Content starts

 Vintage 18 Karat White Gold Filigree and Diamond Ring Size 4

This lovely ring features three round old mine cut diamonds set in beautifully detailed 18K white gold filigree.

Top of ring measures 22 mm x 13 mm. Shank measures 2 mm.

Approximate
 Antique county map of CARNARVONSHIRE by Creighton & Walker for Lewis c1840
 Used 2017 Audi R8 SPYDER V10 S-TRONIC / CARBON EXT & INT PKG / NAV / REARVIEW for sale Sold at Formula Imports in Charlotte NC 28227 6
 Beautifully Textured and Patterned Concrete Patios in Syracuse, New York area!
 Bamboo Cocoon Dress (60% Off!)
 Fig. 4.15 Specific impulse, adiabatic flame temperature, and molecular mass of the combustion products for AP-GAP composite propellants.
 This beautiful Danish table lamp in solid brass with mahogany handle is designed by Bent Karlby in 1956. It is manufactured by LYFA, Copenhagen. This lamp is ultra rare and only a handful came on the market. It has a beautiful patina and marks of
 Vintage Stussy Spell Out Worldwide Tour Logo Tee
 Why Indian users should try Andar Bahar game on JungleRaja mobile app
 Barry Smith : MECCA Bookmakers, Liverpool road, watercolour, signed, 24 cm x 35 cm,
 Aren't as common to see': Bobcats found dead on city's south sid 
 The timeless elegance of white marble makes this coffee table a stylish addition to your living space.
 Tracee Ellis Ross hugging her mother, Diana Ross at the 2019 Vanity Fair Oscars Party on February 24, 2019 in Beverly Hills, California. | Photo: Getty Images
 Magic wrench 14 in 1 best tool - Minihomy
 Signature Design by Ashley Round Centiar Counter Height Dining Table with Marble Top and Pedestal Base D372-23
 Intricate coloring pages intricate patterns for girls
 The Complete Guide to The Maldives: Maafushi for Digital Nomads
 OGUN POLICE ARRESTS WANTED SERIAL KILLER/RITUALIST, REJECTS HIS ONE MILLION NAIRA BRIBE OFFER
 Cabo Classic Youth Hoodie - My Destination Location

Content ends

HOW TO COMPLETE THIS TASK – Return a word-for-word copy of the lines above from the one holding "Vintage Stussy Spell" through the one holding "Intricate coloring pages", with both of them included and nothing besides.

EXERCISE RESPONSE –
 Vintage Stussy Spell Out Worldwide Tour Logo Tee
 Why Indian users should try Andar Bahar game on JungleRaja mobile app
 Barry Smith : MECCA Bookmakers, Liverpool road, watercolour, signed, 24 cm x 35 cm,
 Aren't as common to see': Bobcats found dead on city's south sid 
 The timeless elegance of white marble makes this coffee table a stylish addition to your living space.
 Tracee Ellis Ross hugging her mother, Diana Ross at the 2019 Vanity Fair Oscars Party on February 24, 2019 in Beverly Hills, California. | Photo: Getty Images
 Magic wrench 14 in 1 best tool - Minihomy
 Signature Design by Ashley Round Centiar Counter Height Dining Table with Marble Top and Pedestal Base D372-23
 Intricate coloring pages intricate patterns for girls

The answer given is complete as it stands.